This is related to Transversality in the proof of the Blakers-Massey Theorem. Is it necessary?, and other questions, such as the intuition behind the Freudenthal suspension theorem.
The answers and comments to the question give references to nice proofs of the connectivity result. But of course Blakers and Massey proved an algebraic result for the critical (i.e. first non-vanishing) triad group $\pi_n(X;A,B)$ as a tensor product in the case $A \cap B$ simply connected.
The result was generalised to the $m$-ad and non simply connected case by Ellis and Steiner in "Higher-dimensional crossed modules and the homotopy groups of $(n+1)$-ads" J. Pure Appl. Algebra {46} (1987) 117--136, see Theorem 3.7, using in an essential way the van Kampen theorem for $n$-cubes of spaces proved in the paper by Brown and Loday Topology 26 (1987) 311-334 (available here).

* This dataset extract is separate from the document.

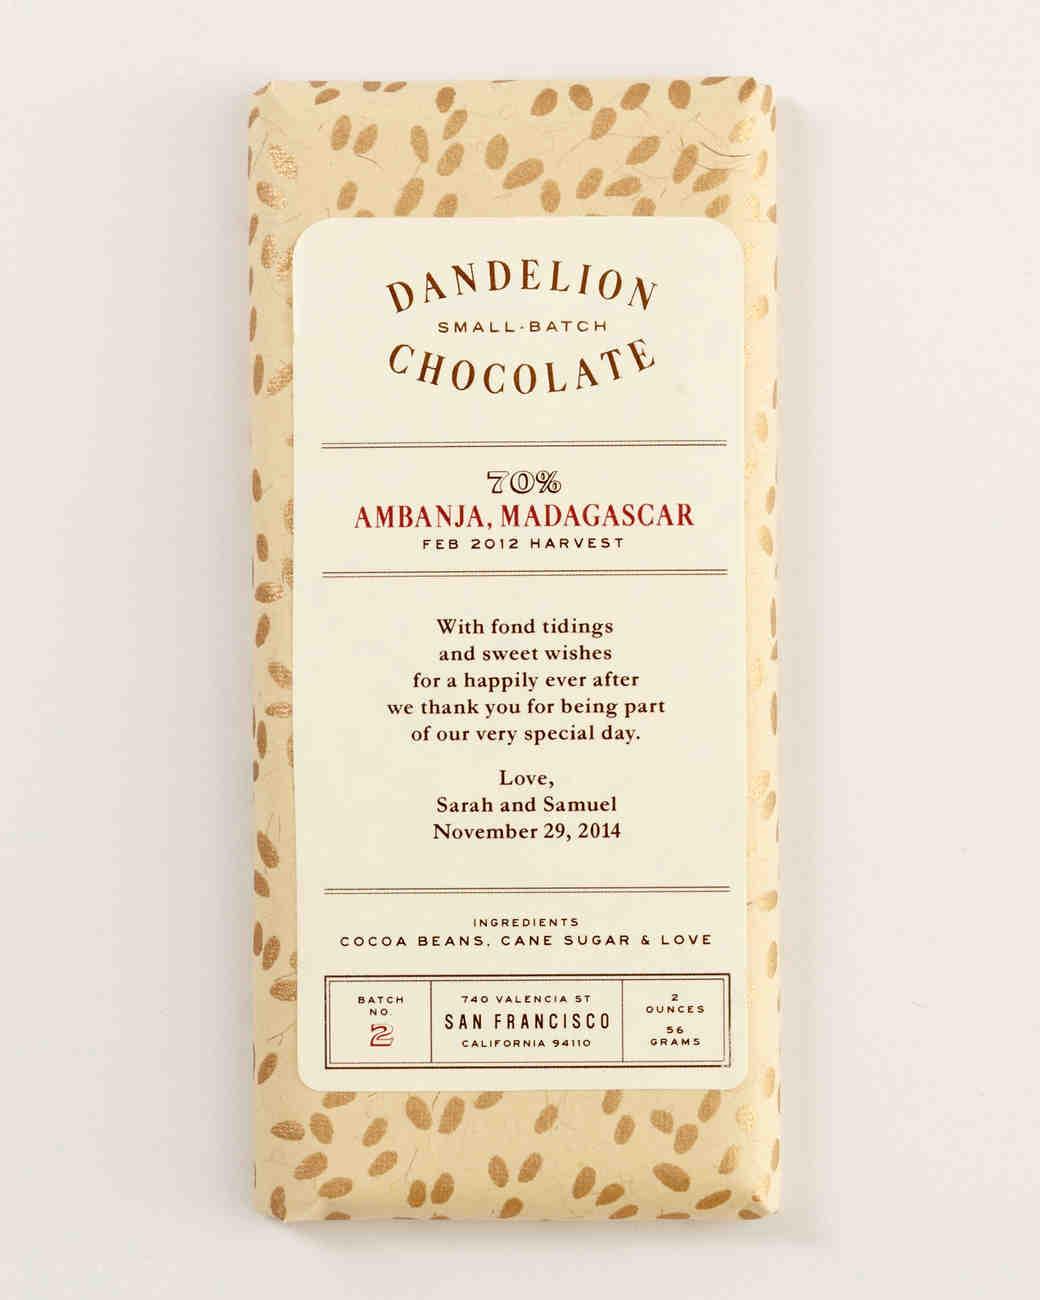 wd110451-dandelion-chocolate-168.jpg

Now the proof of the latter theorem involves sophisticated tools in algebraic topology, of which surely Loday's cat$^n$-groups are essential.
Question 1. Is it possible to algebraicise the connectivity proof or proofs so that they give at least some part of the results on the critical group, including the non simply connected case?
Question 2. Is it possible to give a more geometric proof, based on the techniques pioneered by Puppe, to give a new proof of the theorem Loday and I proved, but instead by a direct verification of the universal property of the proposed colimit?
Note that of course the determination given of the critical group implies by induction the connectivity result. The proof in the paper in Topology goes by induction using the algebraic result in one dimension to prove connectivity in the next dimension.
The point of Question 1 is that if one has clever and nice proofs of a connectivity result, can the arguments be given an algebraic model so that by similar arguments one gets an algebraic result? Is it currently like trying to use arguments as in the proof of the usual Seifert-van Kampen Theorem, but without having a fundamental group or groupoid?